*TASK*
When you reach the line that contains "PREFEITURA MUNICIPAL DE", begin copying exactly and continue through the last line below. Do not copy pictures.
*** Opening of RECORDED INFORMATION ***
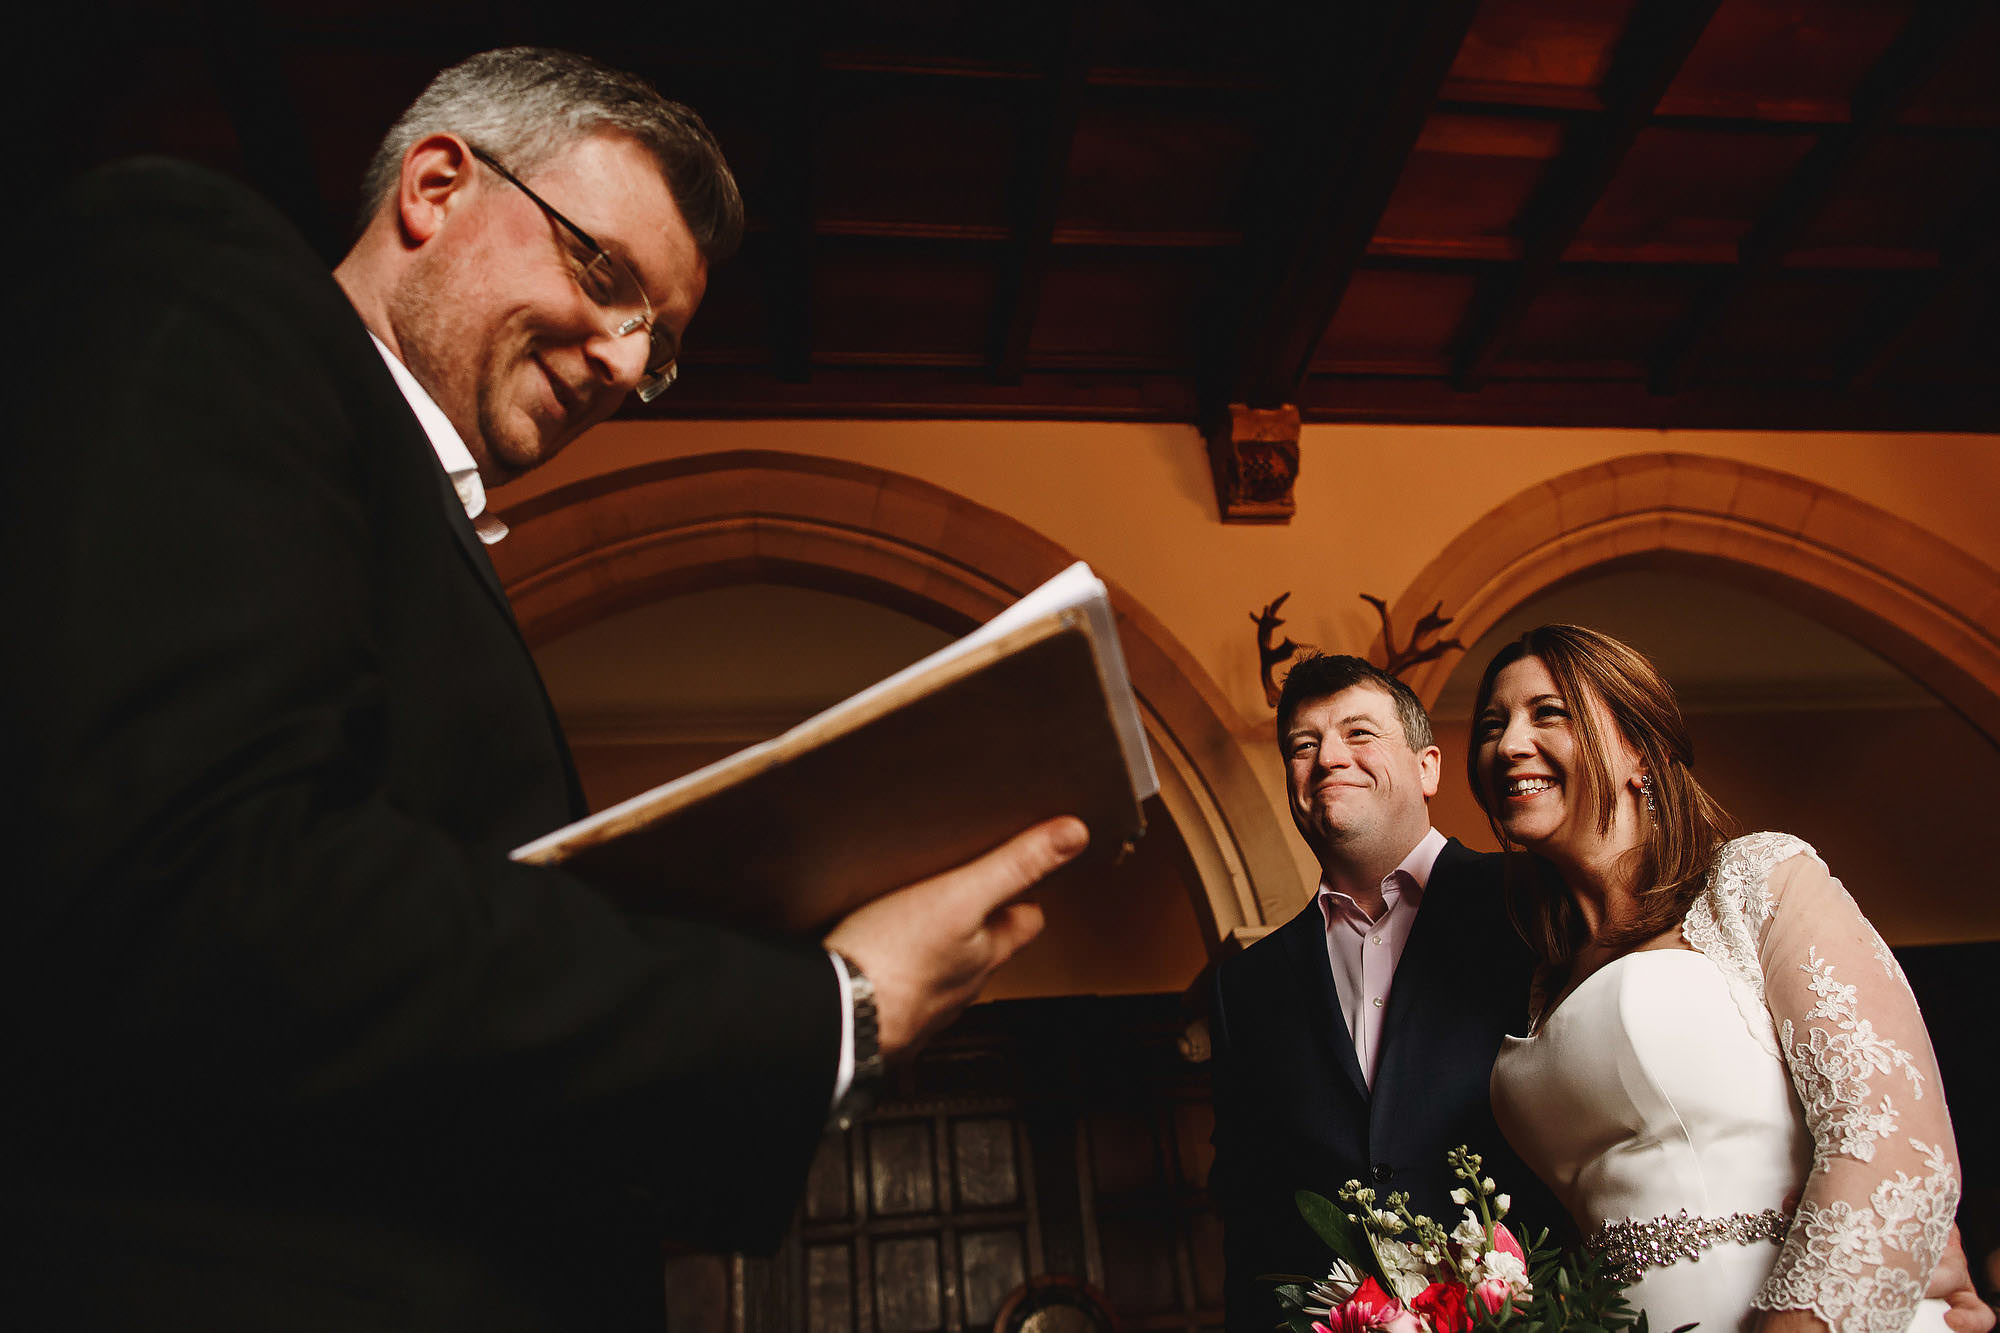 Huntsham court wedding photography devon
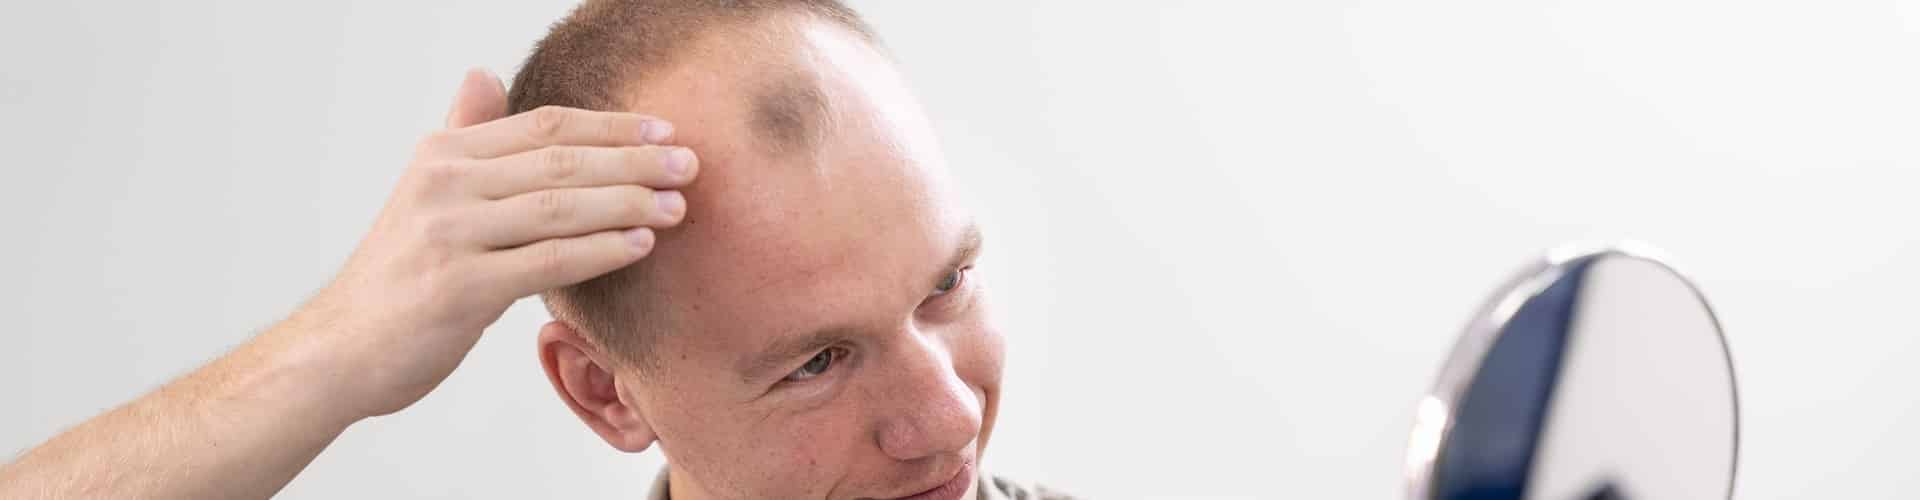 Entenda o que é alopecia androgenetica e saiba como tratar
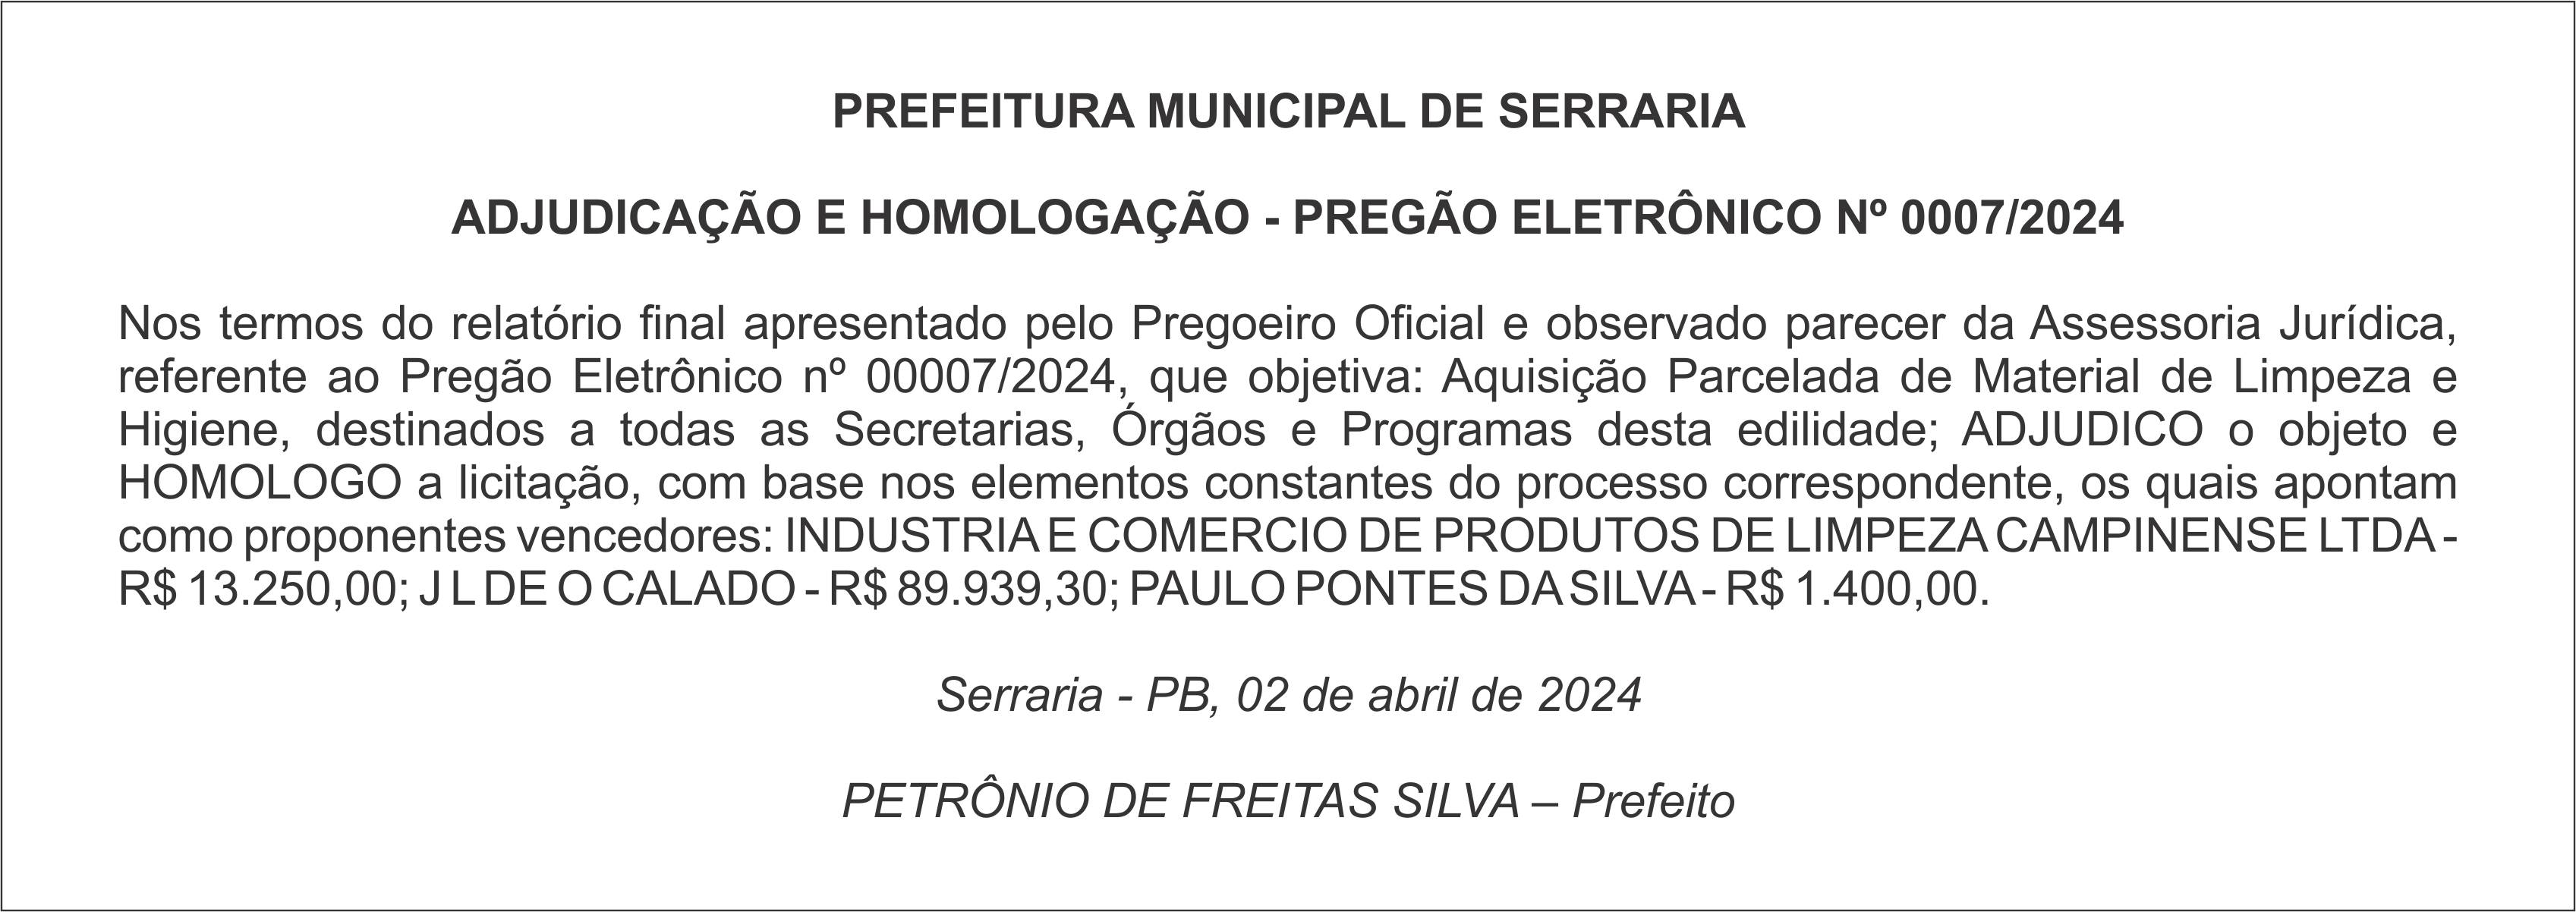 PREFEITURA MUNICIPAL DE SERRARIA – ADJUDICAÇÃO E HOMOLOGAÇÃO – PREGÃO ELETRÔNICO Nº 0007/2024
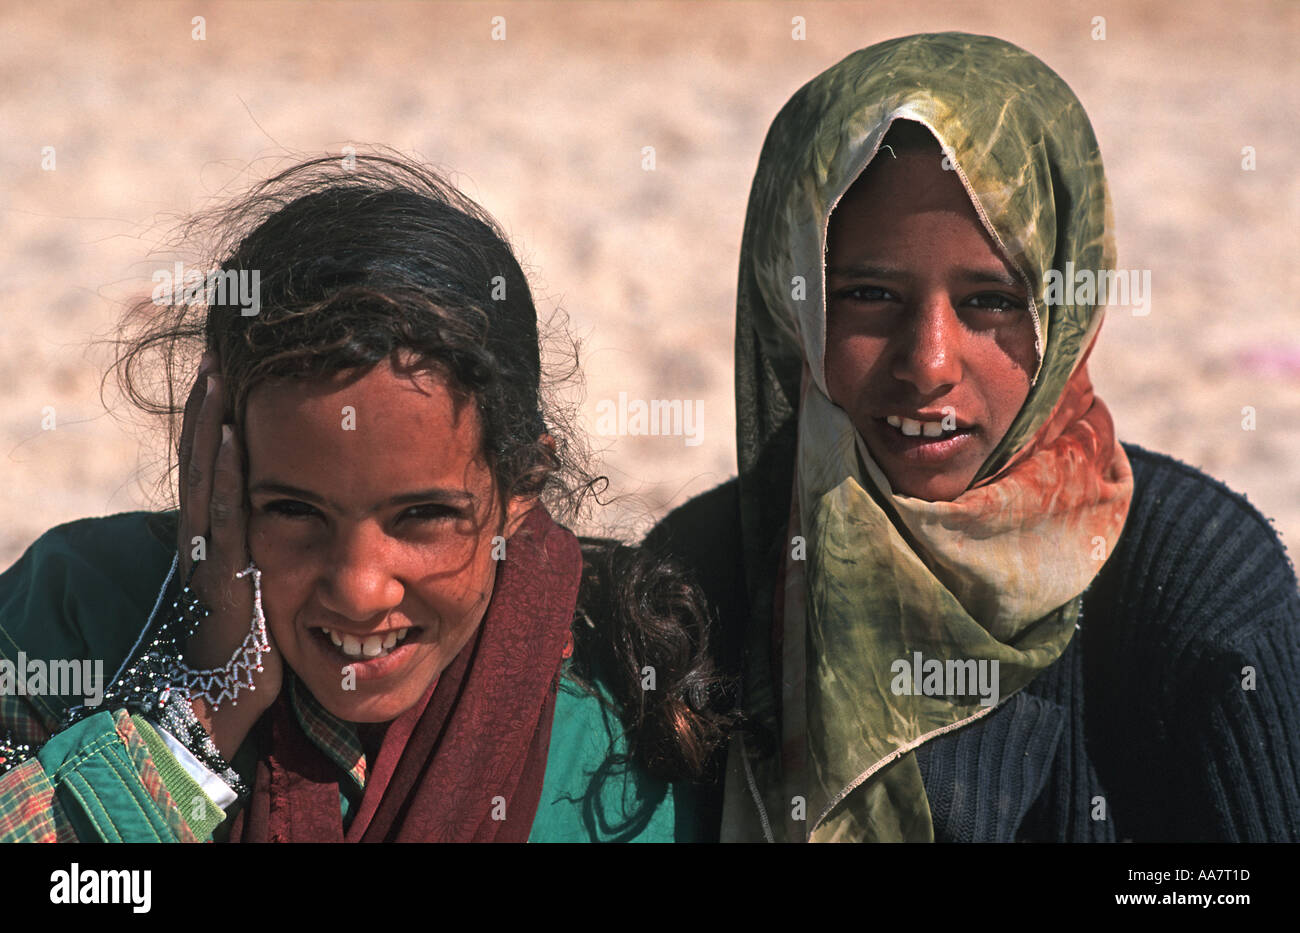 Zwei Beduinen Mädchen eine trägt ein Kopftuch-Sinai Ägypten Nahost  Souvenir-Verkäufer am Strand Stockfotografie - Alamy
*** Close of RECORDED INFORMATION ***
*WRITTEN SOLUTION*
 PREFEITURA MUNICIPAL DE SERRARIA – ADJUDICAÇÃO E HOMOLOGAÇÃO – PREGÃO ELETRÔNICO Nº 0007/2024
 Zwei Beduinen Mädchen eine trägt ein Kopftuch-Sinai Ägypten Nahost  Souvenir-Verkäufer am Strand Stockfotografie - Alamy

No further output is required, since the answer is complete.